BZOJ3640:JC's Little Apple

Description

Let's continue the story of JC and Dzy.

"You are my little ya little Apple, how to love you are not too much!" ”

"Light the fire of my life, fire fire! ”

JC came to City B after a hard slog, but Dzy stole his little Apple because of his negligence! No small apple How to listen to the song! He found that the evil Dzy hid his little apple in a maze. JC was left with HP blood after his previous battle. Start JC at Point 1th, his little Apple at the N number point.

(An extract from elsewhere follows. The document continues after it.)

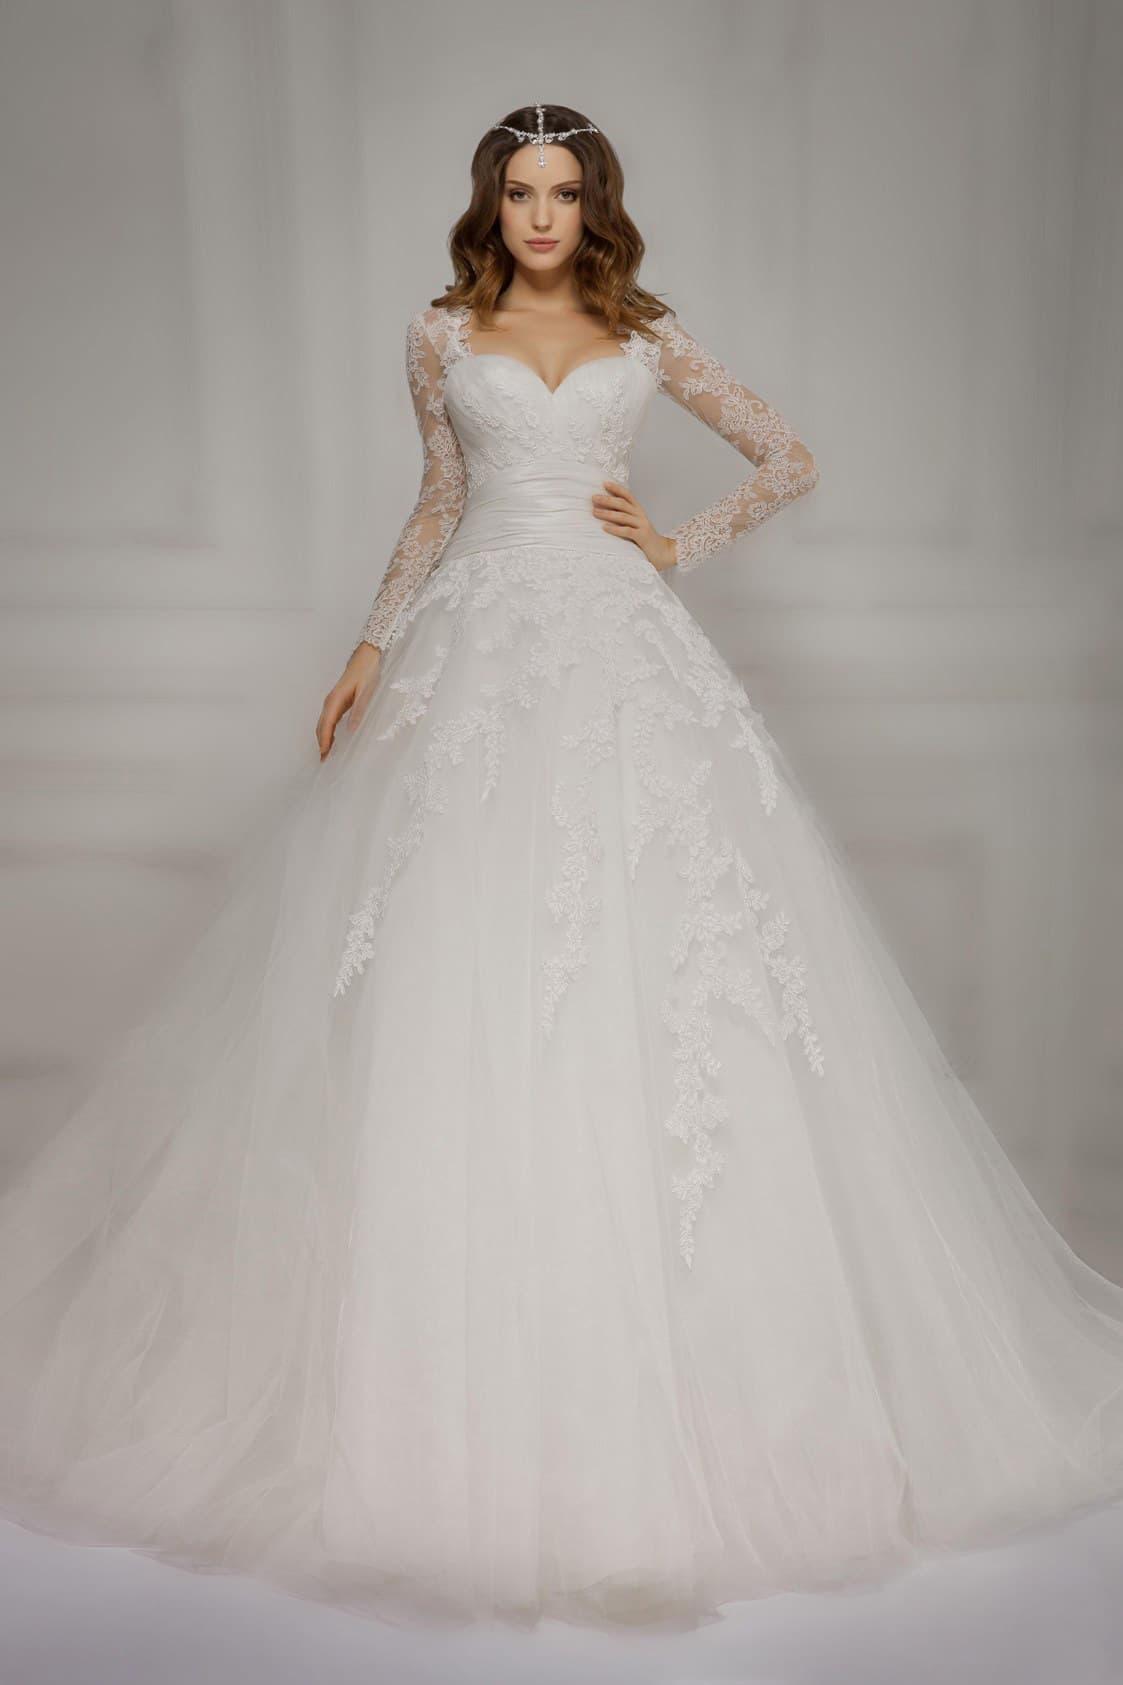 Свадебное платье с кружевной юбкой фото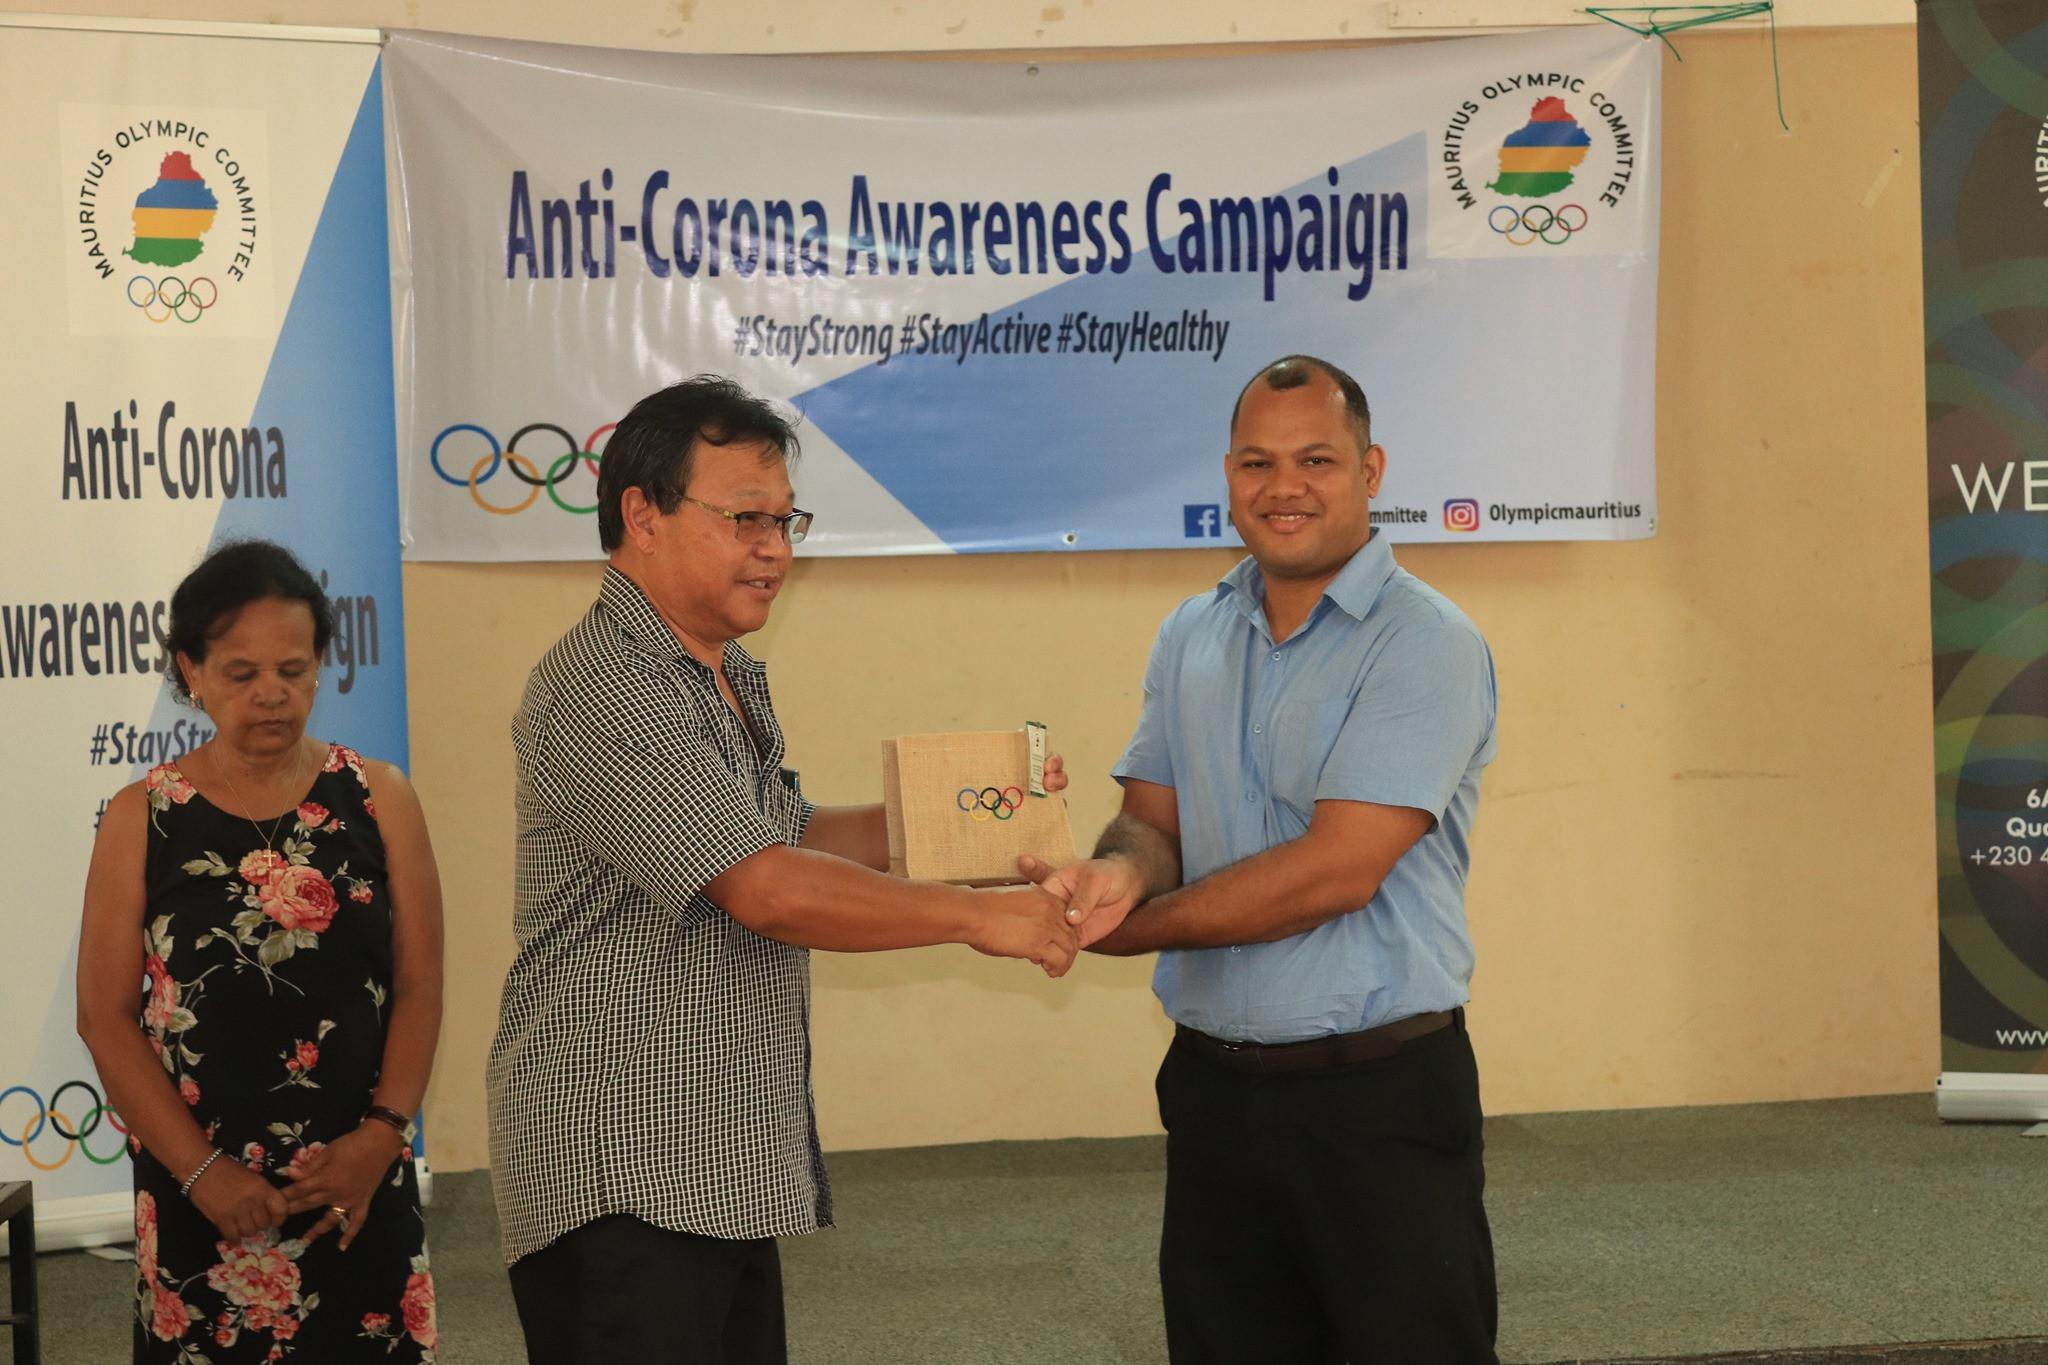 Mauritius Olympic Committee launches coronavirus awareness campaign

Dzy put monsters in some points. When JC encounters the monster in I, he loses the AI point blood. When JC's blood is equal to 0 o'clock, he is automatically ejected from the maze and can no longer enter.

But JC lost, he can only from the current point of departure and other probability of the choice of a road to go. All roads are two-way, there are M-bars, monsters cannot be killed. Now JC wants to know the odds of him finding his little apple.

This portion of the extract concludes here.